- [Task objective] Copy out every line of the material below, character for character, apart from the pictures.

- [Data provided]
..........

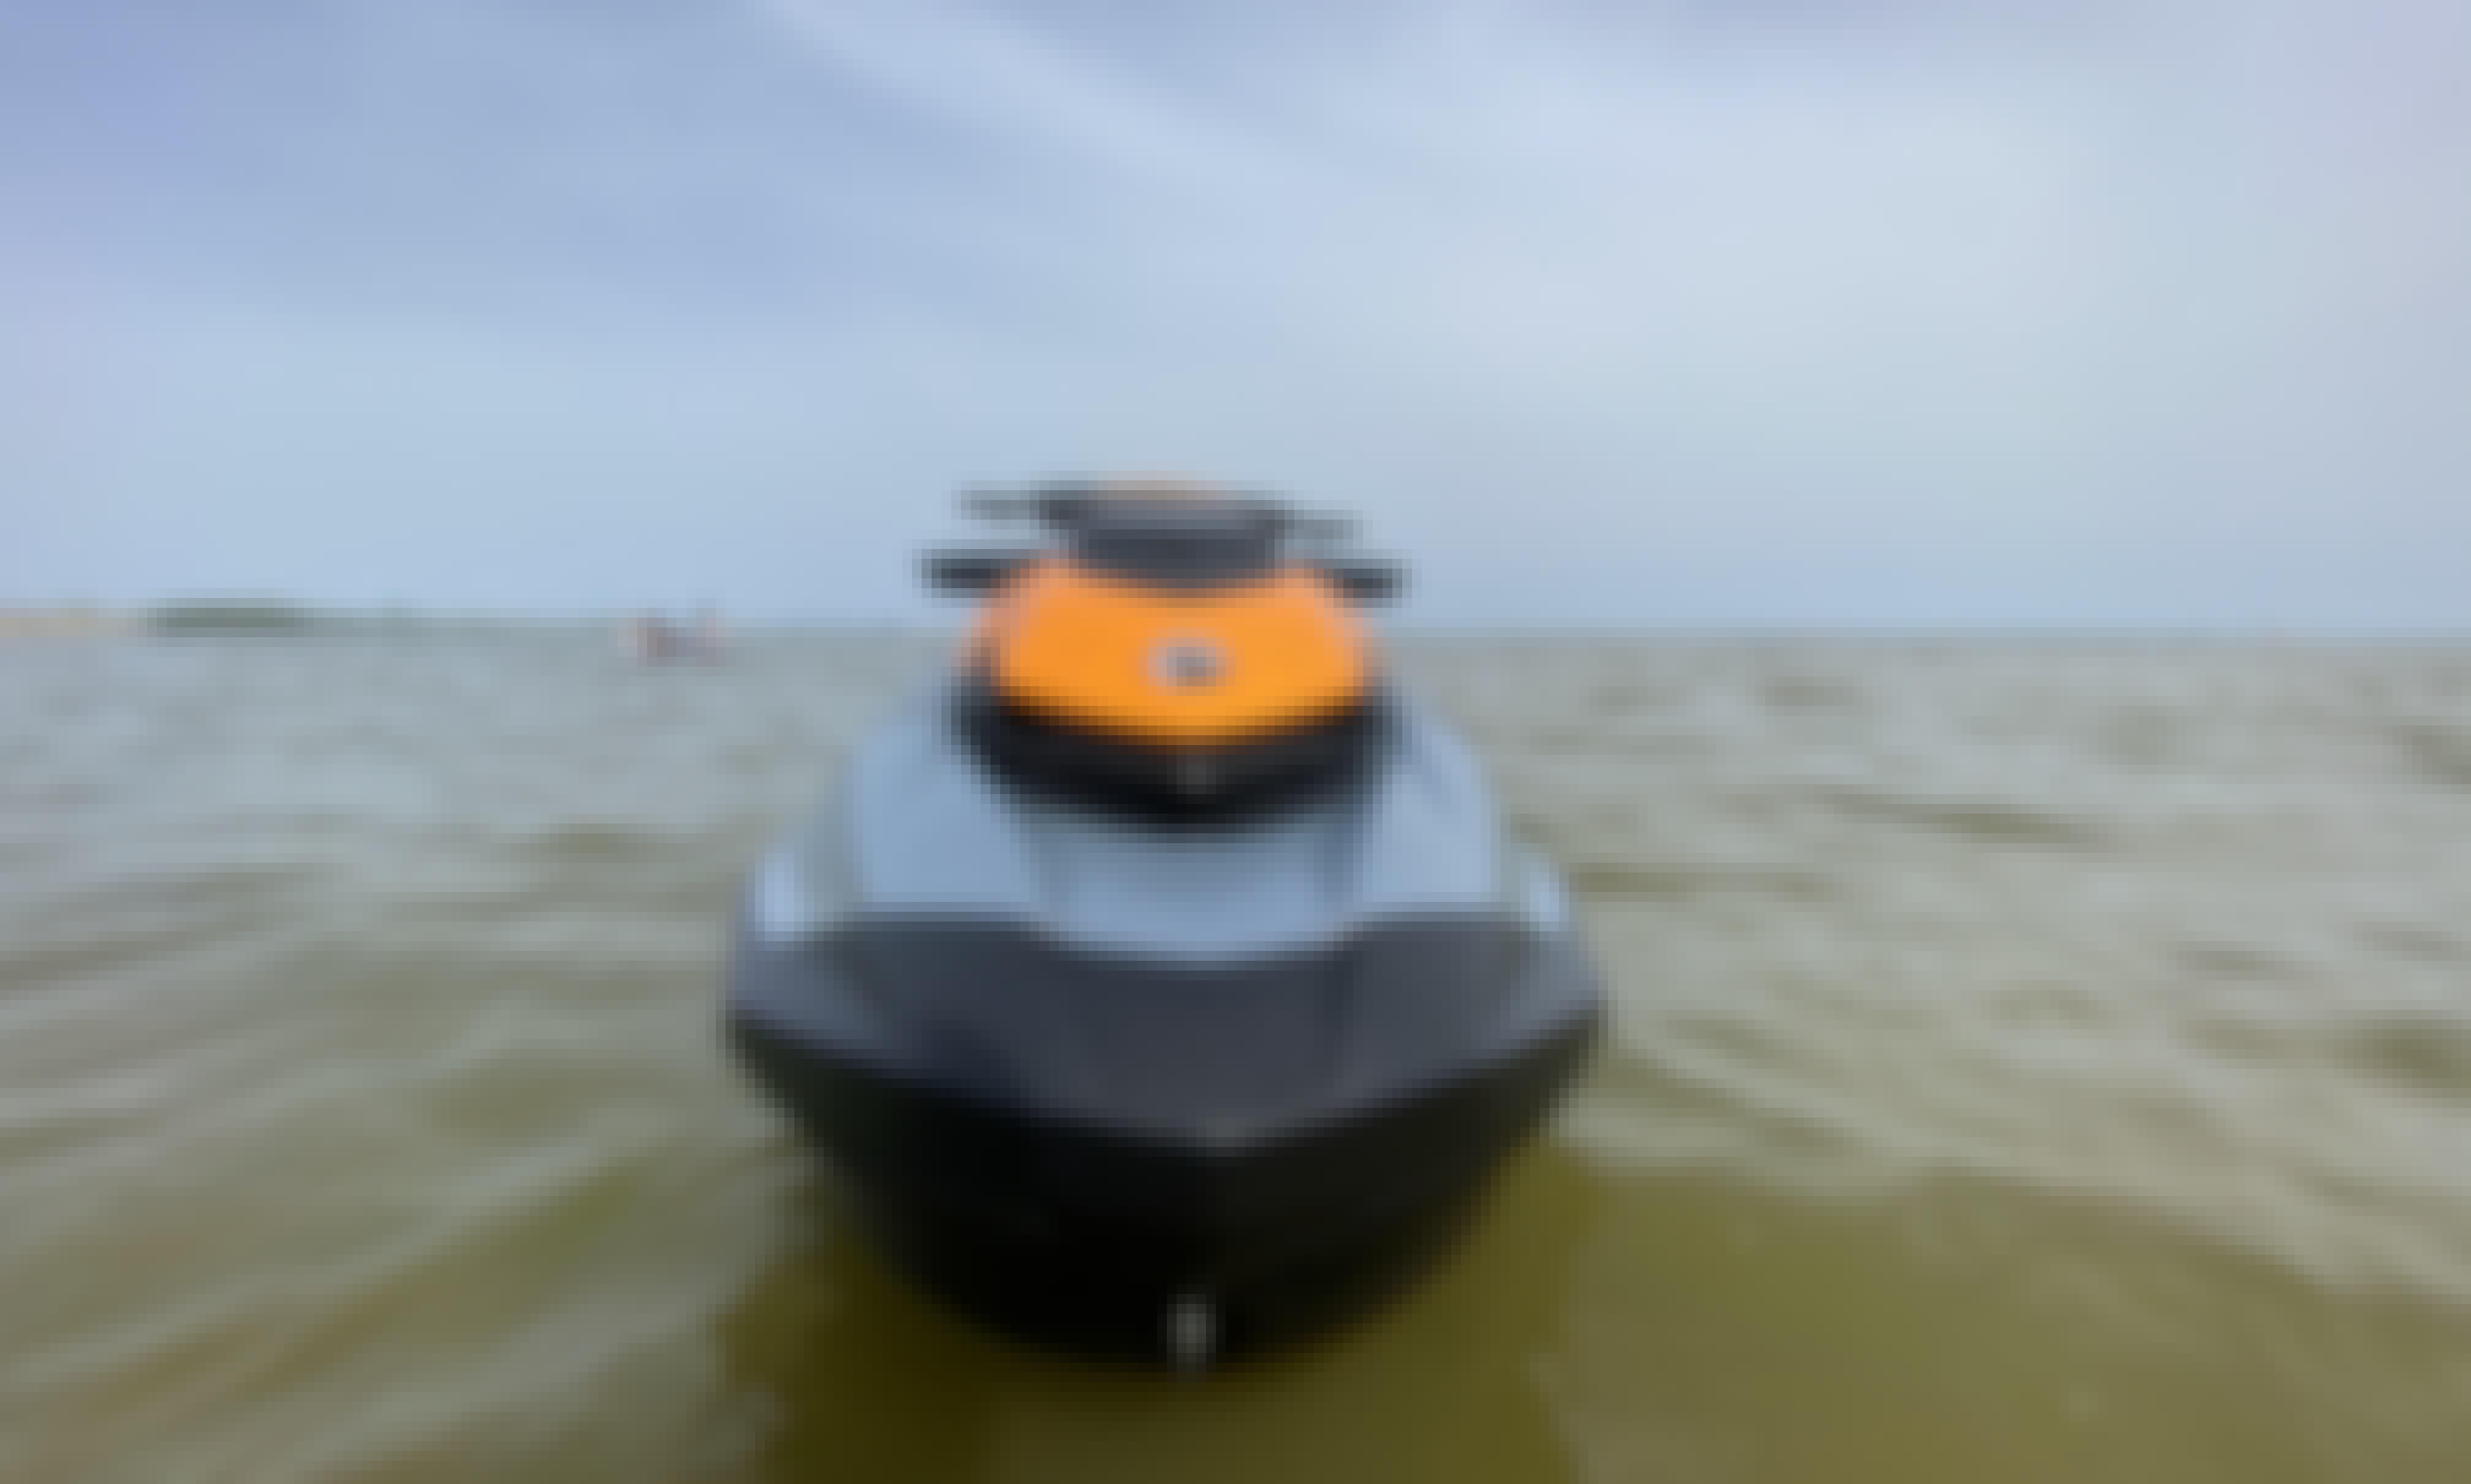 Brandnew Sea Doo Jet Ski for Adrenaline Cravers! Ready for any lake in Orlando, Florida
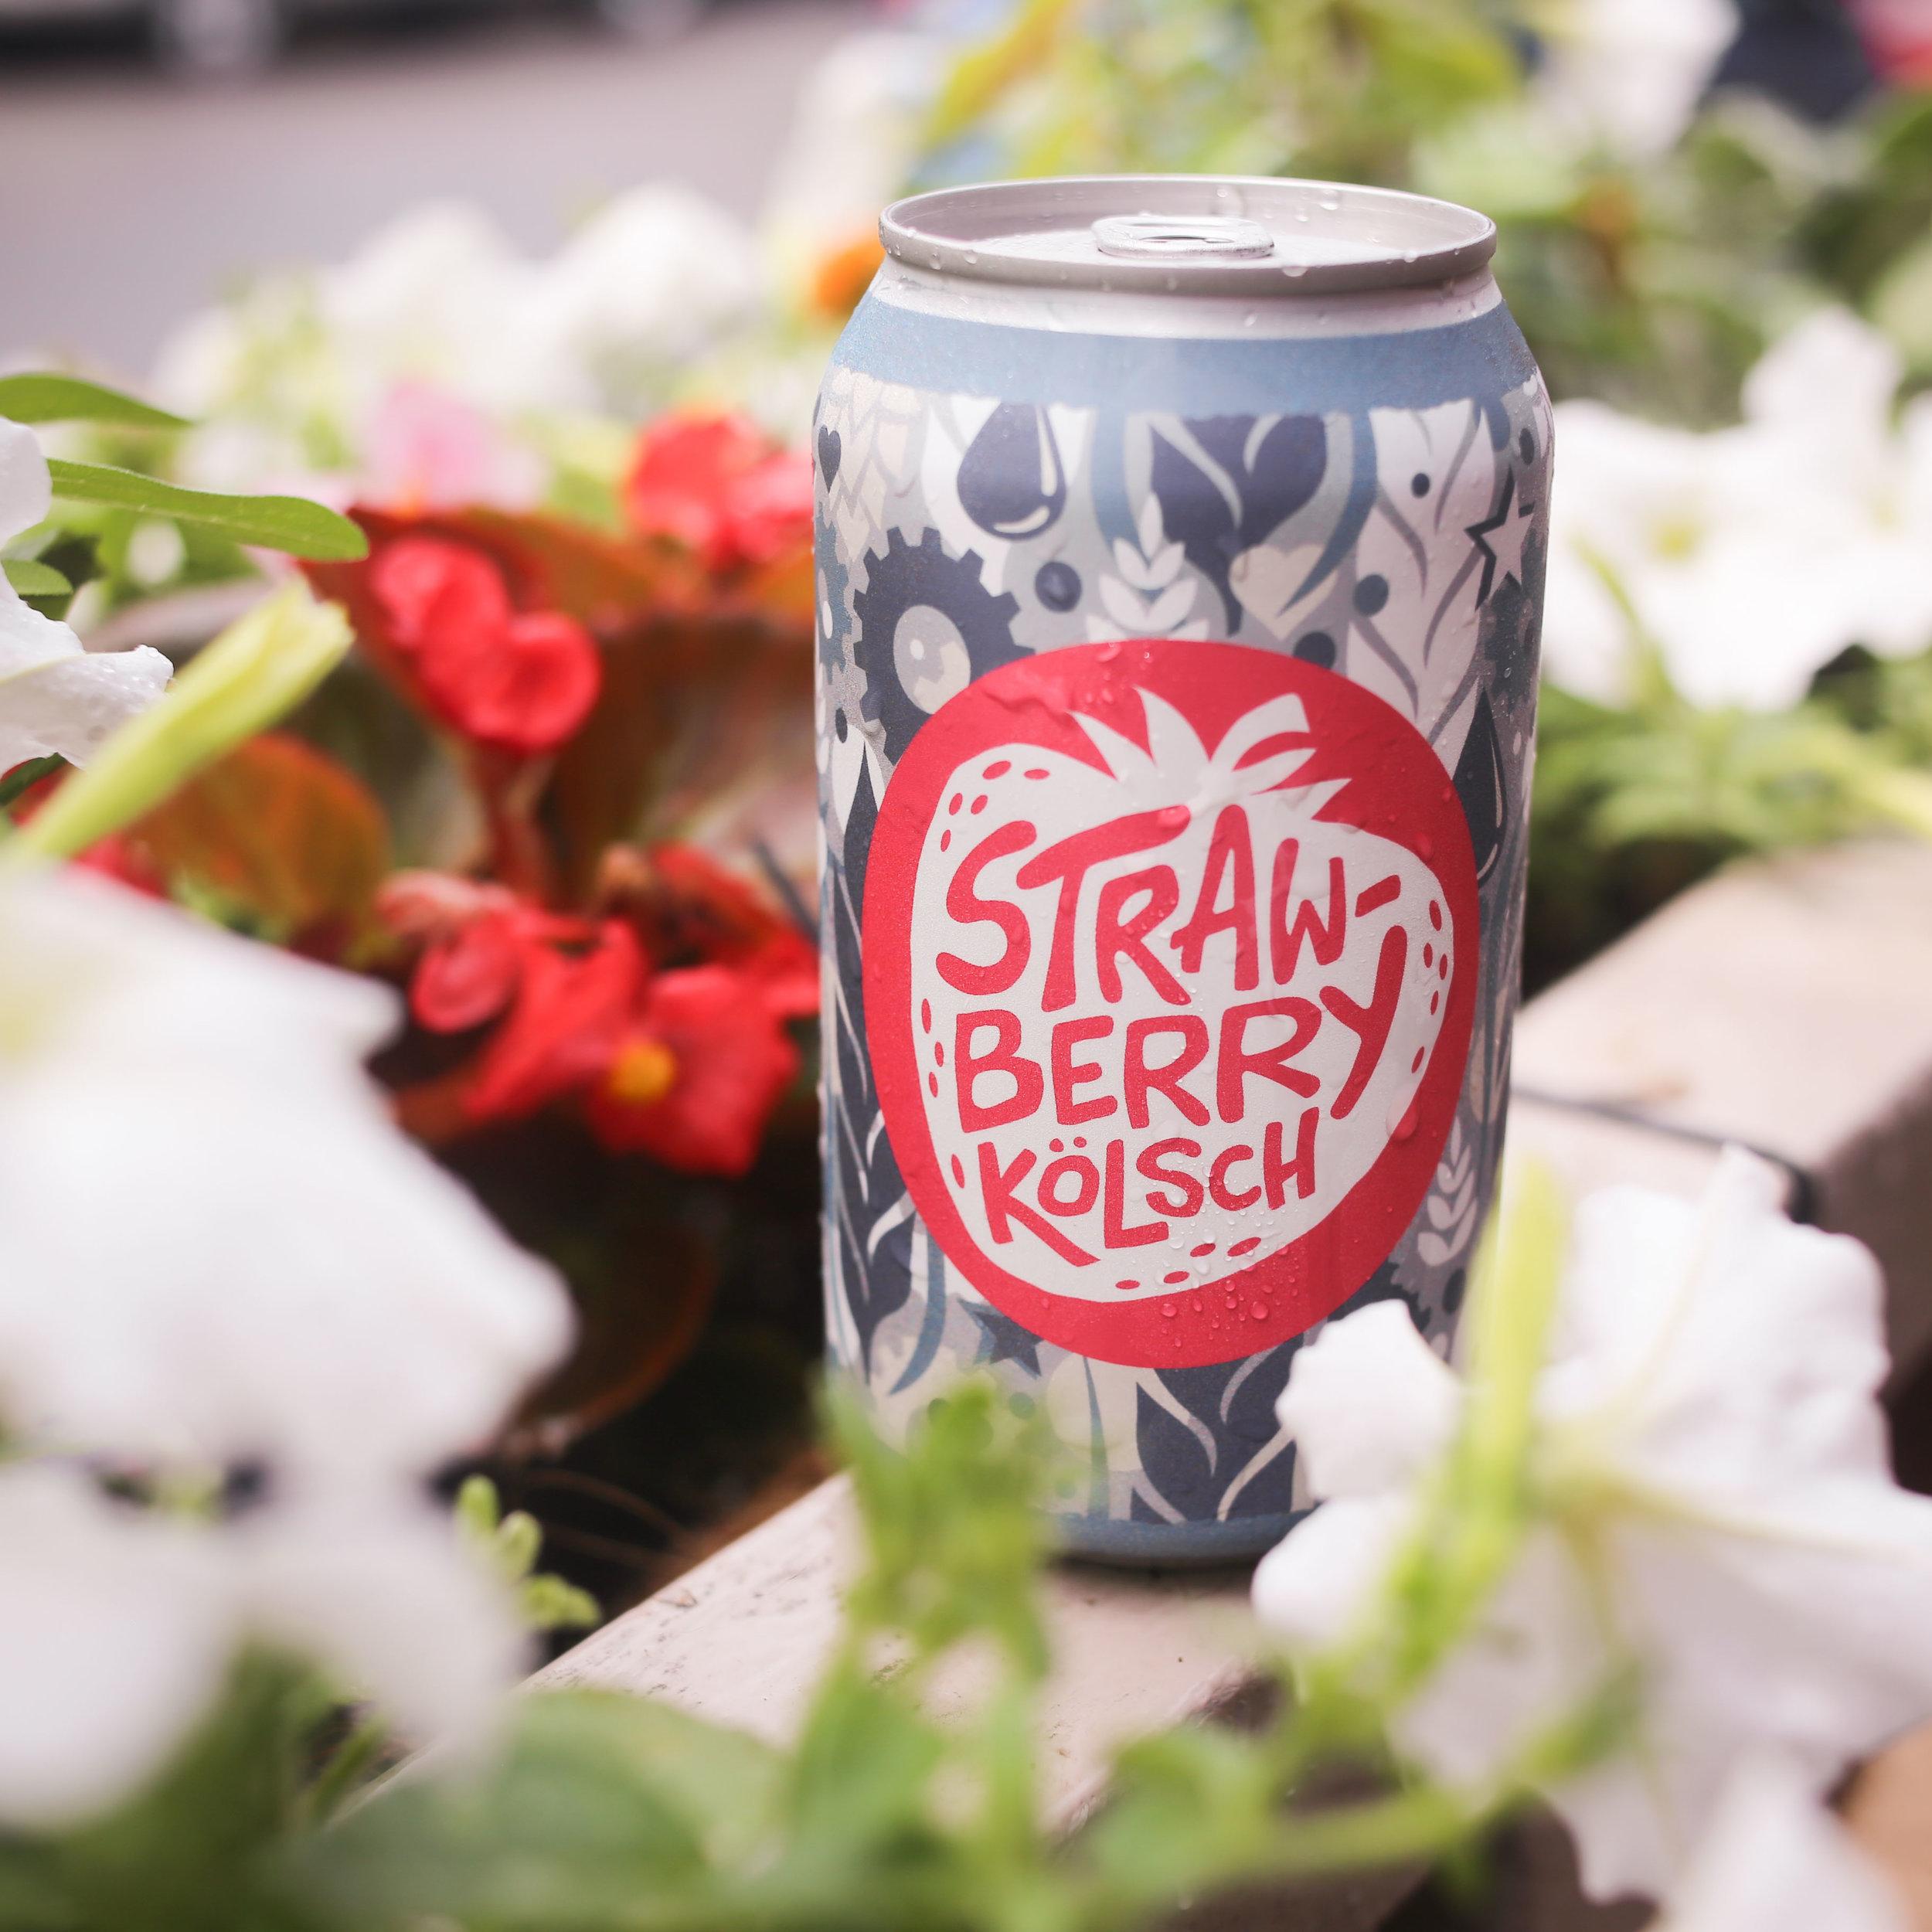 strawberrykolsch_sq.jpg
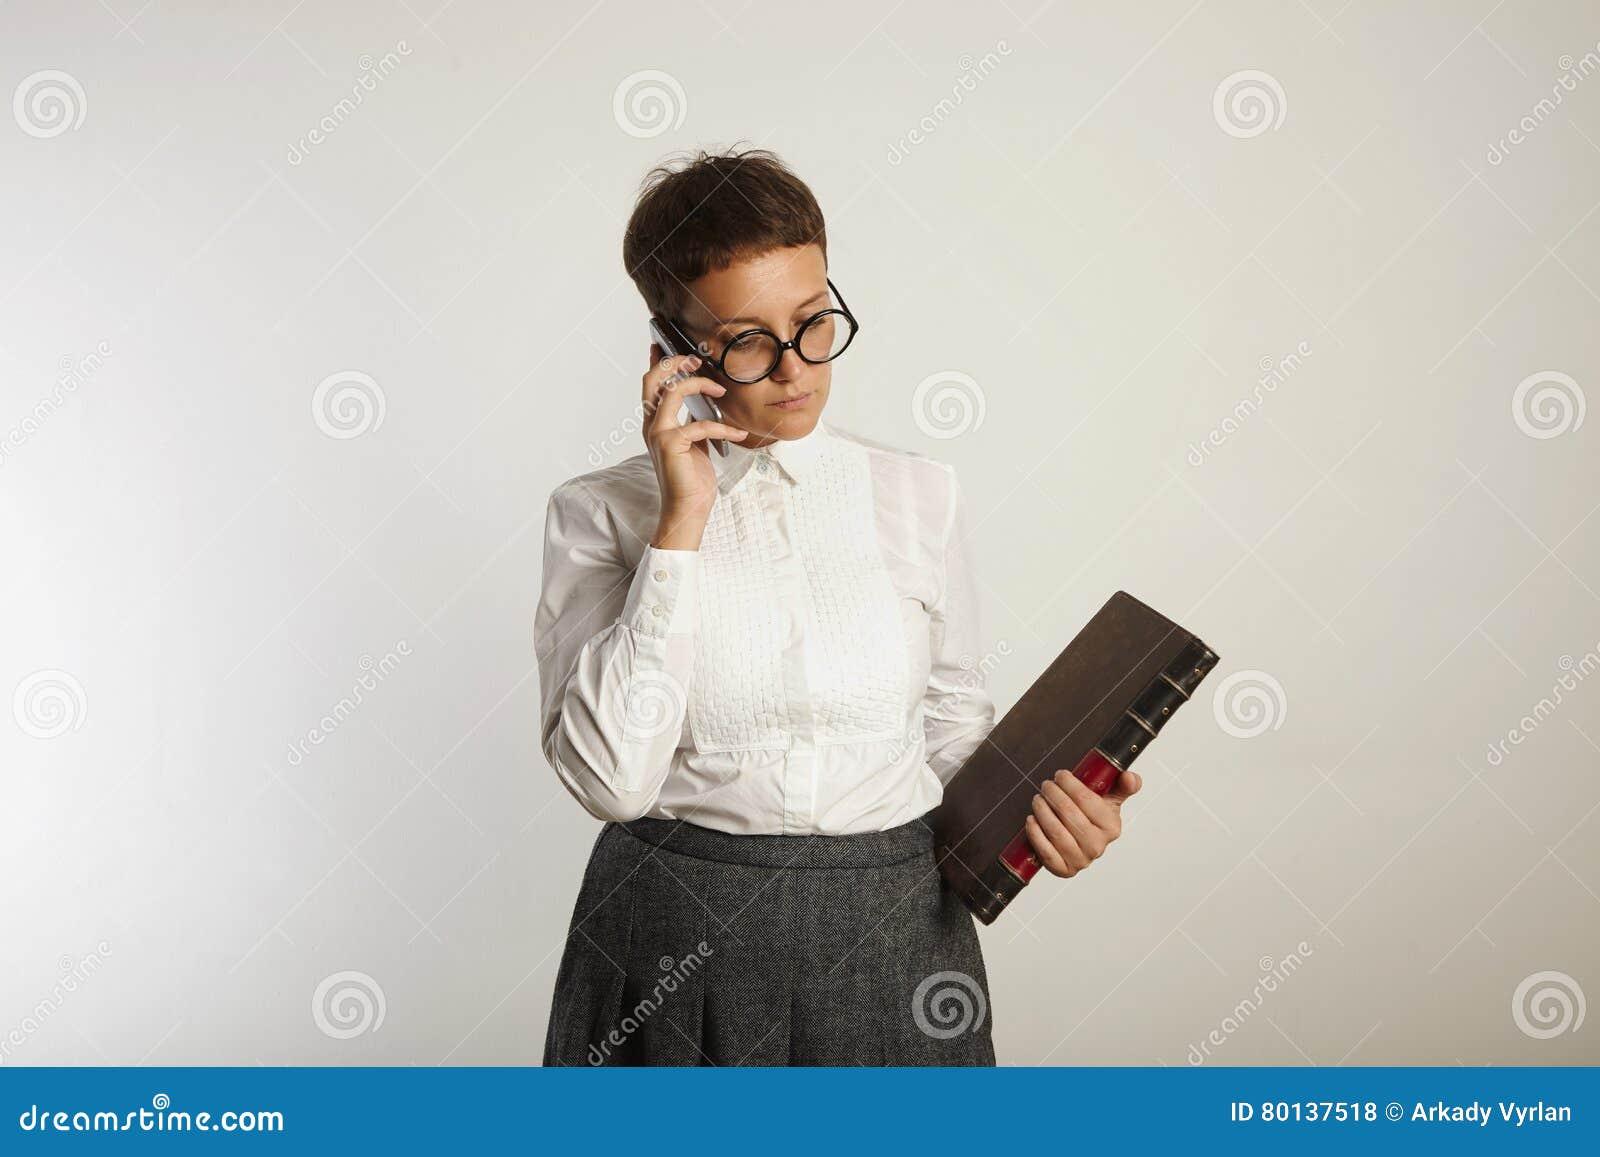 Funny Teacher Speaking On Mobile Phone Stock Photo - Image ...

..........

- [Finished exercise]
 Brandnew Sea Doo Jet Ski for Adrenaline Cravers! Ready for any lake in Orlando, Florida
 strawberrykolsch_sq.jpg
 Funny Teacher Speaking On Mobile Phone Stock Photo - Image ...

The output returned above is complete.